Бивень смотрела на нее с осуждением. «Слаба, дуреха, ох слаба, — мысленно возмущалась она. — Ей ублюдка сотворили, она и растаяла. Безотцовщина. Война порождает ее и на фронте, и в тылу. На фронте — пуля-дура, в тылу — баба-дура».
— Могу я вас спросить, — Лена замялась, — чем вызвана наша встреча?
— «Во многих знаниях много печали», — цитатой из Библии ответила Мария Трофимовна, которая много лет руководила спецсеминаром при парткоме по антирелигиозной пропаганде.
«Не иначе пакость какую-нибудь для Ивана затевает, — думала Лена. — Завтра надо будет ему рассказать».
Они встречались, как обычно, в последнюю субботу месяца — он передавал ей деньги, обсуждал текущие заботы и нужды, гулял с дочкой.
А Бивень, не в состоянии отделаться от брезгливого осадка после встречи с Тимохиной, решила, что в обсуждение персонального дела директора будут включены и француженка, и эта влюбчивая «тюха». Факт сожительства налицо? Налицо. А всякие там сердечные антимонии нужны как собаке пятая нога. Нужна бескомпромиссная битва за идеалы и их носителя — созидателя коммунистического завтра…
И грянуло закрытое партийное собрание Потемкинского института! Бивень постаралась выстроить его по классическим канонам военного искусства. С предварительной разведкой — выяснением союзников директора; боем авангардов — обсуждением вопроса на парткоме, где схватились две фракции — Бивень и Муромцева; обеспечением резервов — договоренностью с министром, что он направит в качестве представителя Минпроса на собрание своего помощника и старинного друга Марии Трофимовны Матвея Щеголькова, а с первым секретарем Свердловского райкома, что от него прибудет инструктор орготдела Феодосий Слепнев, открытый недруг Ивана (кандидатуру этого туповатого, чванливого партийного чиновника на должность первого заместителя директора института Иван не так давно громогласно отклонил); определением стратегии — кого за кем следует выпустить на трибуну; наполнением верными людьми арьергарда — счетной комиссии. Иван был знаком лишь с одним моментом — он присутствовал на заседании парткома, ведь он же был его членом, и потом — обсуждался его вопрос. Размышляя об итогах этого заседания, он пришел к выводу, что собрание должно завершиться единственно разумным, с его точки зрения, итогом — полным оправданием. Бивень в своем обычно агрессивном, нахрапистом стиле прошлась по всем трем пунктам: научной несостоятельности, усугубленной космополитизмом и низкопоклонством перед Западом; морально-бытовым разложением, помноженным на сексуальные контакты с иностранками; наконец, возведением двухэтажной виллы с использованием похищенных у института стройматериалов. Предложения: за научное банкротство и буржуазные перерожденческие деяния, разложение и стяжательство исключить из рядов ВКП(б). Председатель комиссии Антон Лукич Парфененко постарался говорить языком документов — вот монография; вот письмо француженке и краткая запись беседы секретаря парткома с Еленой Тимохиной; вот докладная завскладом об отпуске досок, кирпича, стекол.

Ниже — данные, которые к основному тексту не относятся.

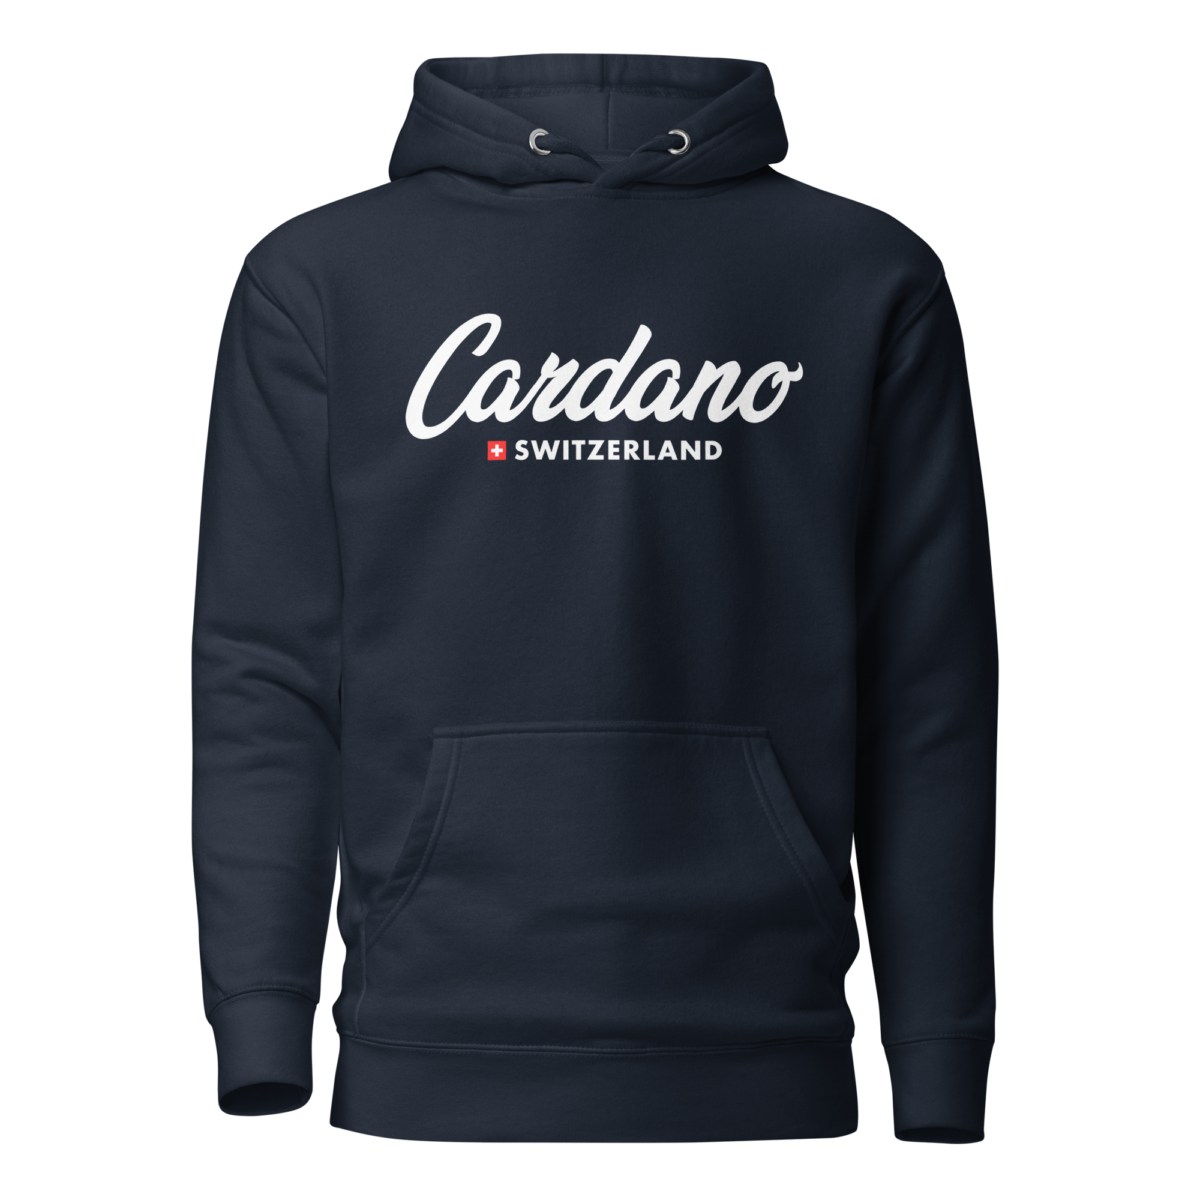 unisex premium hoodie navy blazer front 63a21a2a0964c - Cardano Switzerland Hoodie

Муромцев, известный всей научной Москве эрудицией, начал свое слово так:
— Великий английский сатирик Джонатан Свифт создал свой бессмертный гротеск — роман «Путешествие Гулливера» — более двухсот двадцати лет назад. В нем поднято огромное количество морально-этических проблем, извечно стоящих перед государством, обществом, личностью. Одна из них — конфликт Гулливера и лилипутов. За что лилипуты боятся и ненавидят Гулливера? Не только за то, что он велик ростом и силой. Главное — он велик добротой, совестью, честью. И мудростью, помноженной на справедливость. Только вчера я в который уже раз за свою долгую жизнь закончил перечитывать эту необыкновенно поучительную книгу. Почему поучительную? Я подумал о персональном деле, которое мы сегодня обсуждаем. Я вижу это дело, как попытку лилипутов от науки…
— Андрей Николаевич, выбирайте выражения! — Бивень повела могучими плечами.
— Он не о физических данных, Мария Трофимовна, — заметил кто-то смешливо. — Он об интеллекте.
— Об ем родимом, — подтвердил Муромцев. — Повторяю: как попытку лилипутов от науки расправиться с Гулливером. Великолепный, да что там стесняться, ходить вокруг да около, великий организатор, вселенски мыслящий практик школы и новатор в области педагогической мысли — это наш директор. Может быть, профессора и академики побоятся репрессий и так, как я, не выскажутся, но уверен, так думают девяносто пять процентов работающих в этом вузе. Я же говорю то, что думаю, не только потому, что уже без пяти минут на пенсии. Нет, не потому. Я не могу молчать и спокойно наблюдать, как унижают то, что достойно возвышения.
— Попрошу по существу, товарищ Муромцев, — пунцовая Бивень постучала карандашом по графину с водой. — По су-ще-ству!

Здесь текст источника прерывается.